(Supplied information)
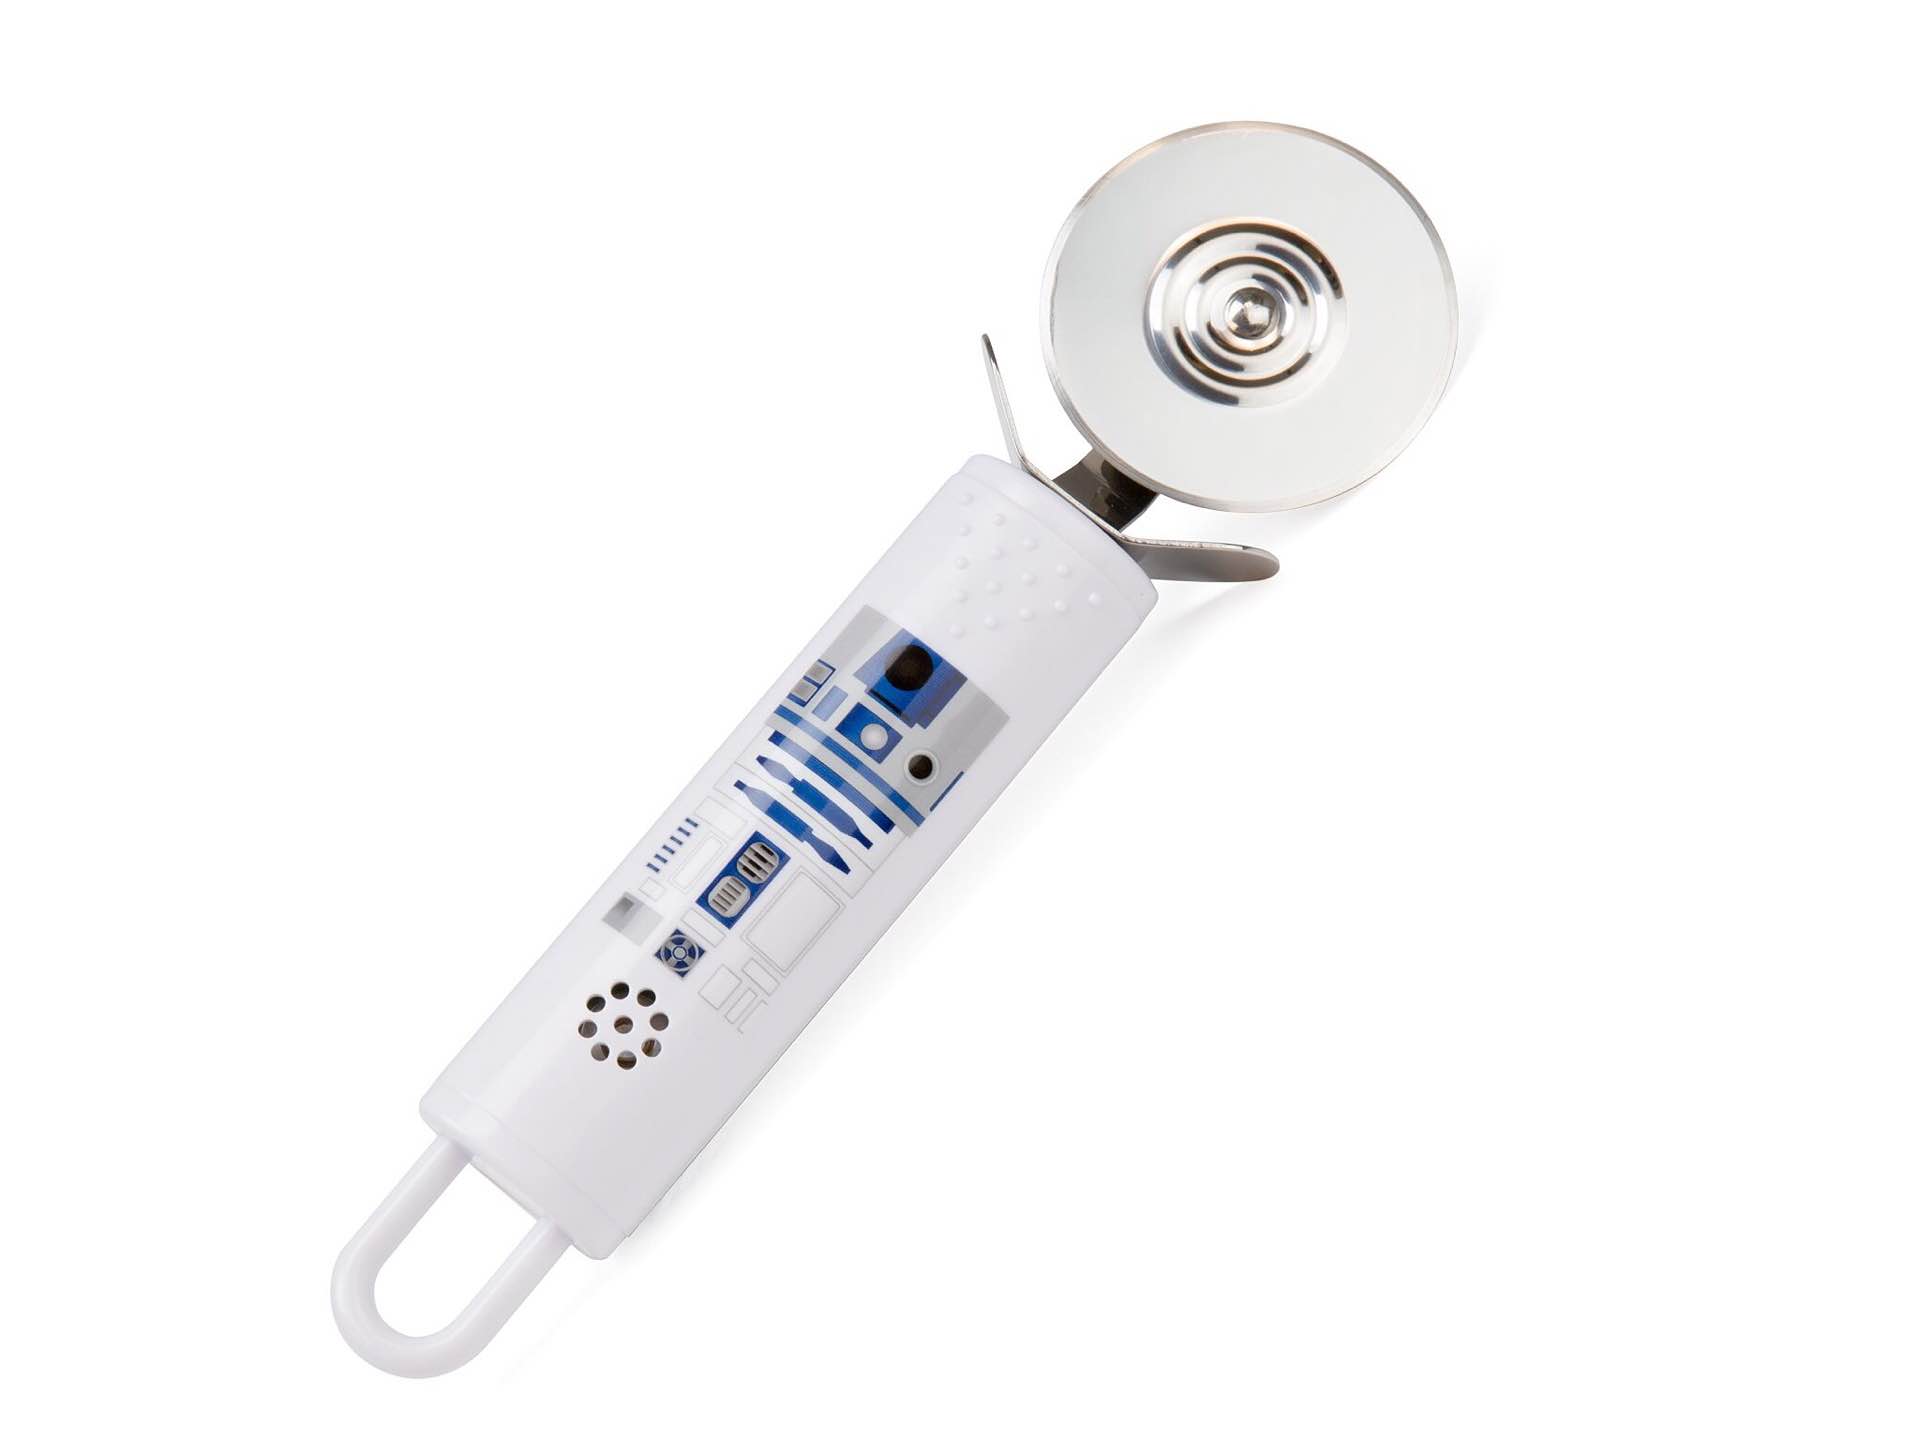 Star Wars R2-D2 pizza cutter with sound effects. (from $36 via third-party sellers)
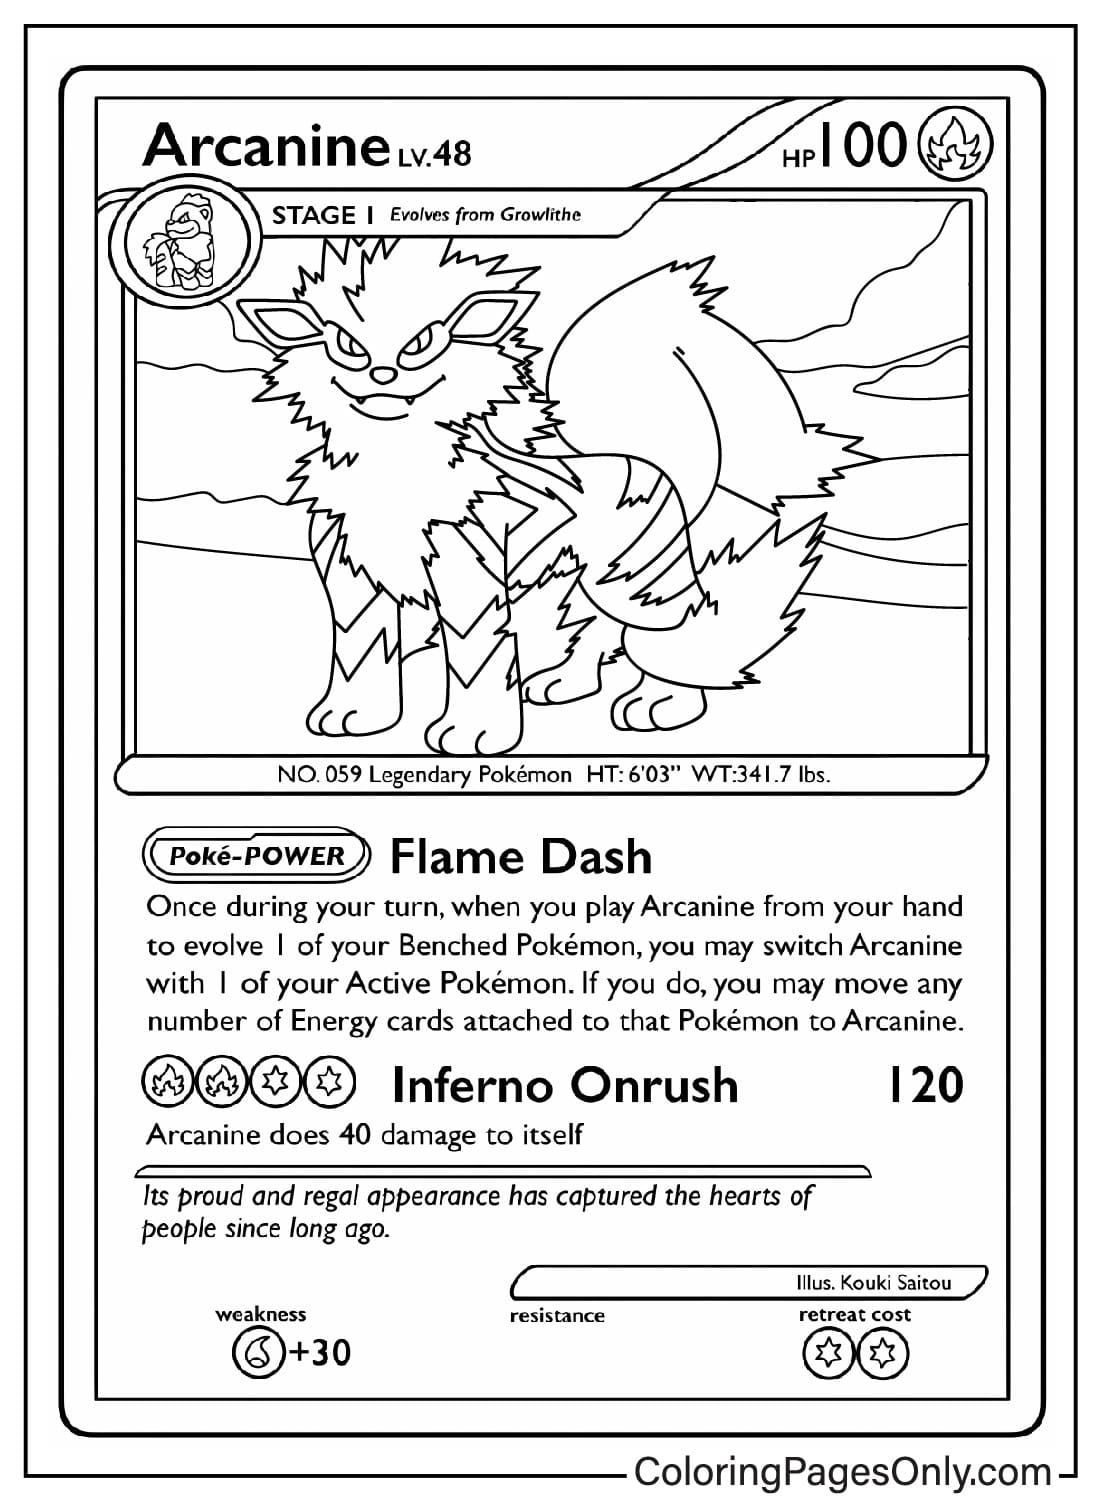 Arcanine Pokemon Card Coloring Page from Pokemon Card
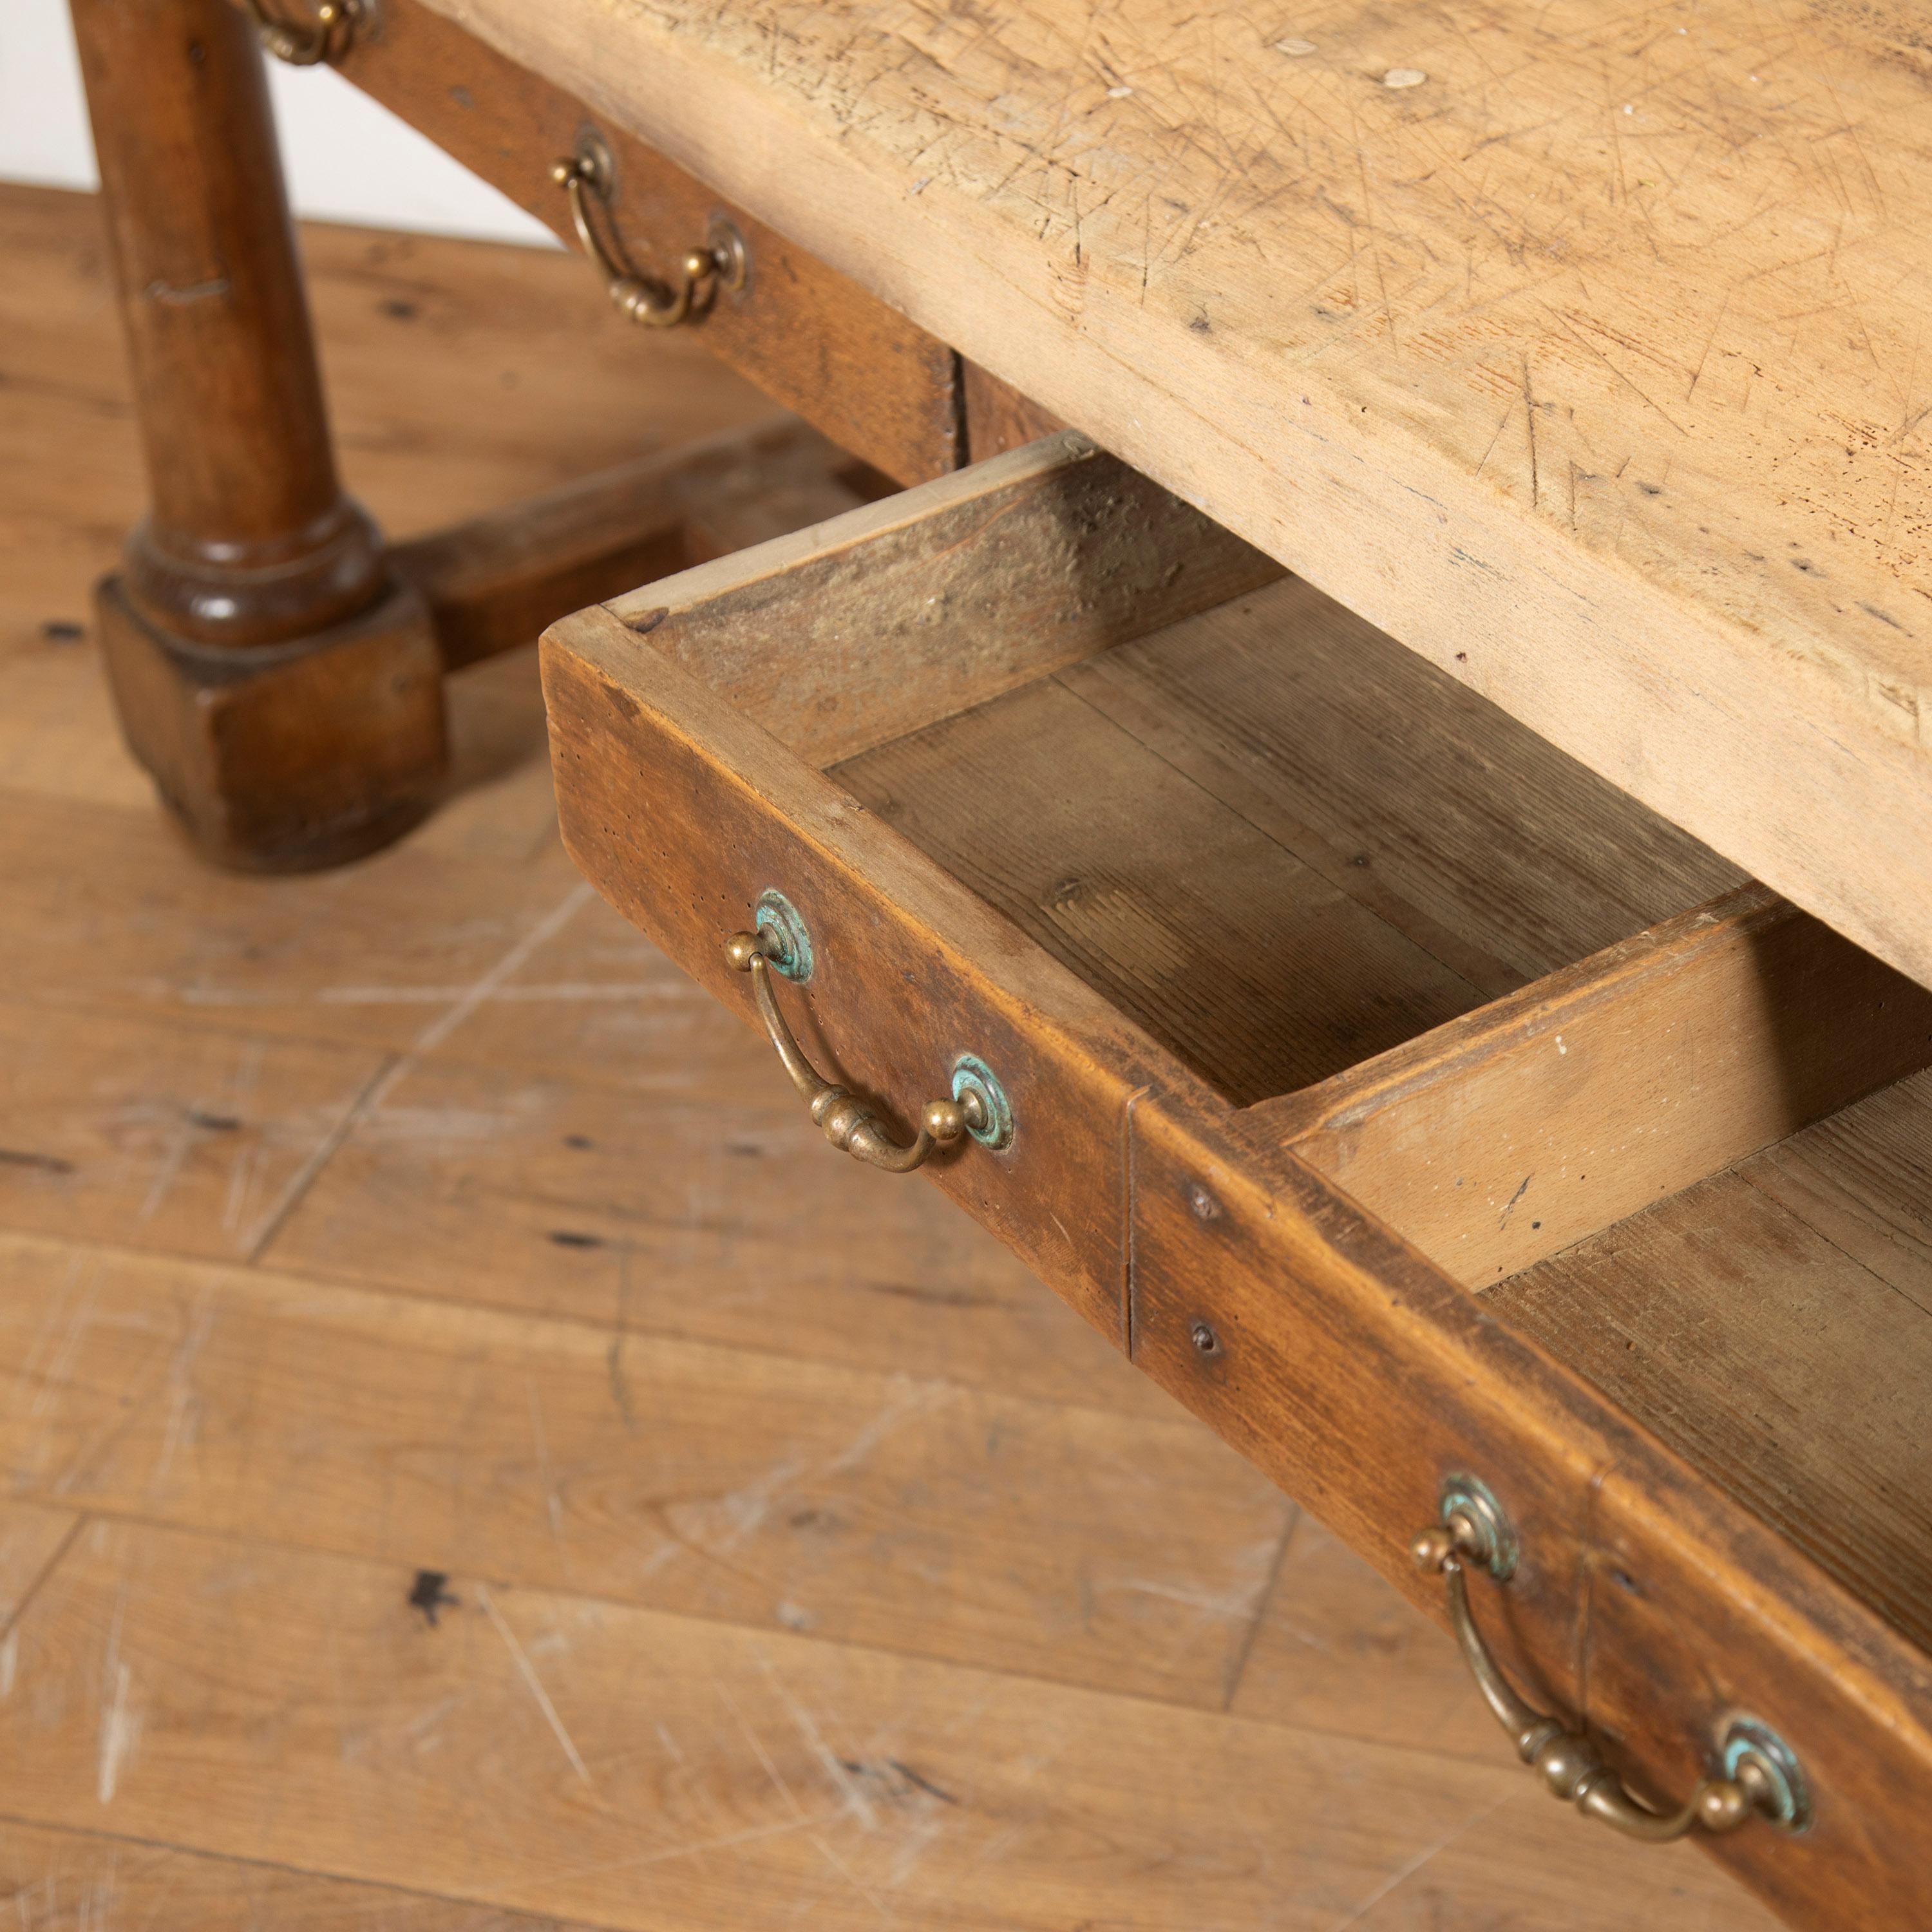 Fantastic French early 19th century butcher's table.

This table features a lovely walnut base and drawers that would make for useful storage within a kitchen or being used as a central island. 

It has attractive signs of wear to both the base

(Work order)
Extract all lines of the records above that include "base".

(Solution to this problem)
This table features a lovely walnut base and drawers that would make for useful storage within a kitchen or being used as a central island. 
It has attractive signs of wear to both the base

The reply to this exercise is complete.